■ ASSIGNMENT ■
In the listing below, print exactly the lines between the line holding "My hairy butt hole and my big ass" and the line holding "Less than 5%", inclusive, and no more.
*** Opening of INPUT MATERIAL ***
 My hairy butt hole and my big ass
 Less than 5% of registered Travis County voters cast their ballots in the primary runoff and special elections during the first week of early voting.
*** Close of INPUT MATERIAL ***
*** Opening of INPUT MATERIAL ***
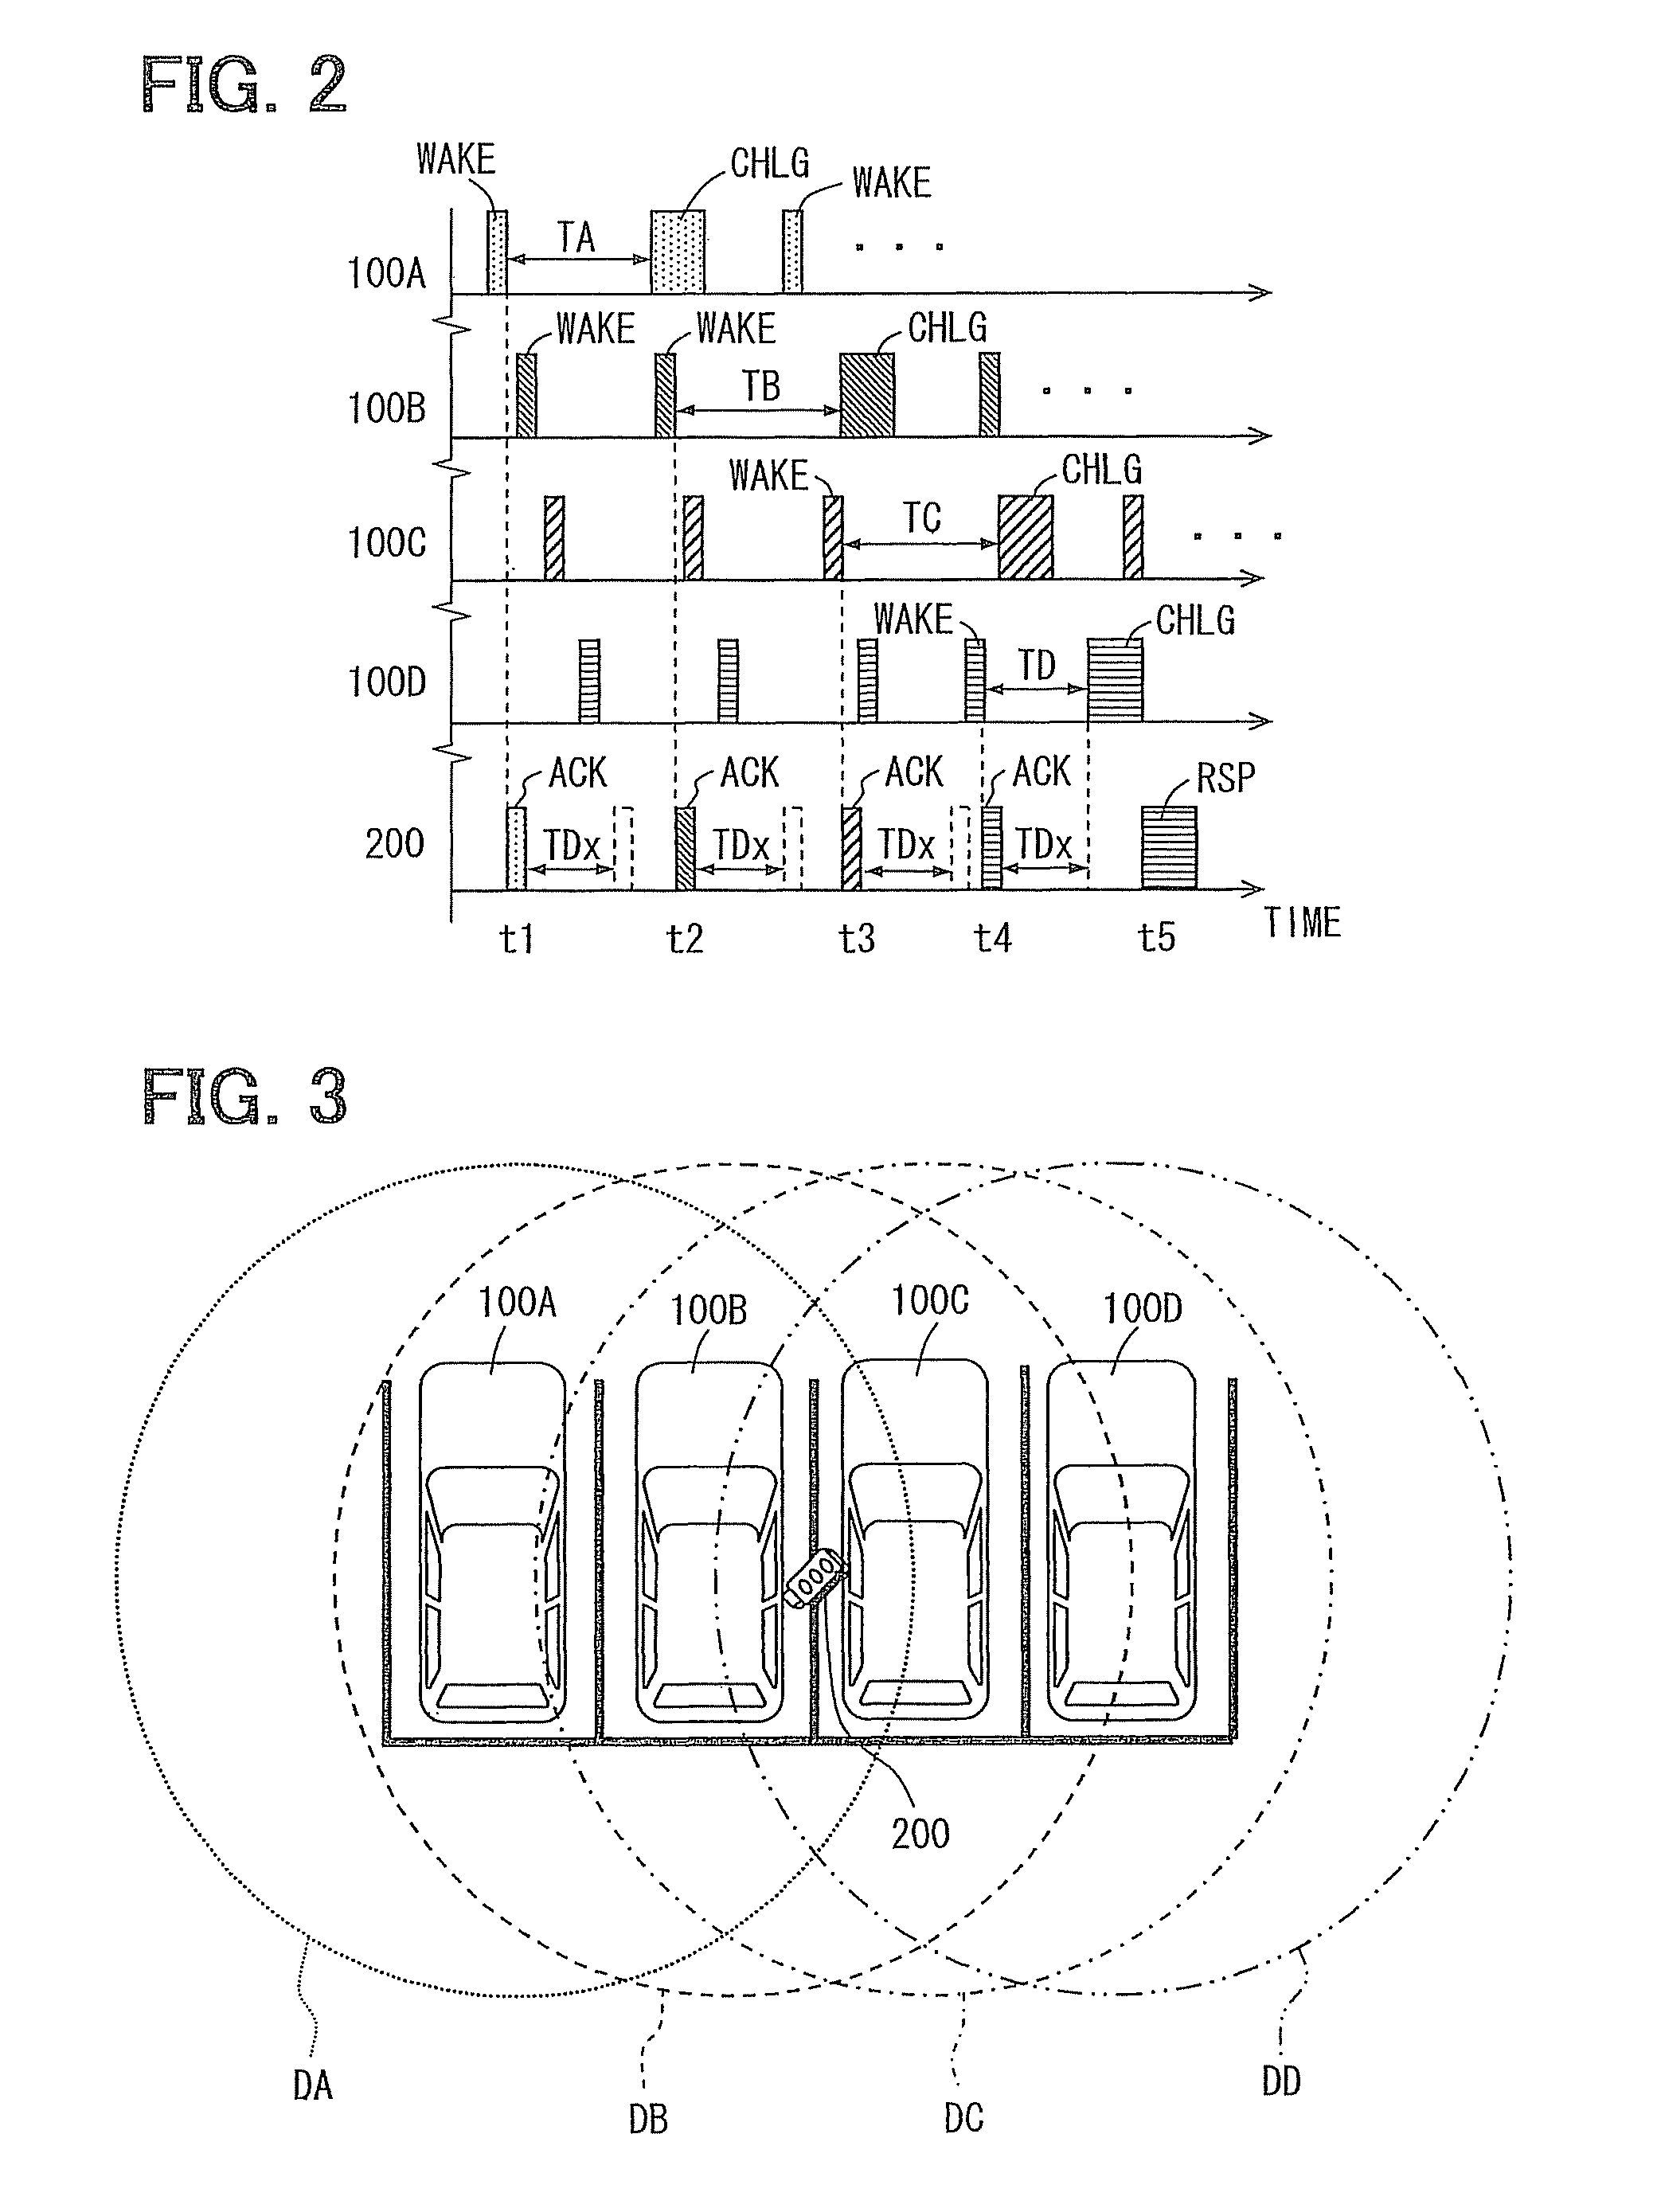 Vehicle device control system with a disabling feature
*** Close of INPUT MATERIAL ***
■ COMPLETED TASK ■
 My hairy butt hole and my big ass
 Less than 5% of registered Travis County voters cast their ballots in the primary runoff and special elections during the first week of early voting.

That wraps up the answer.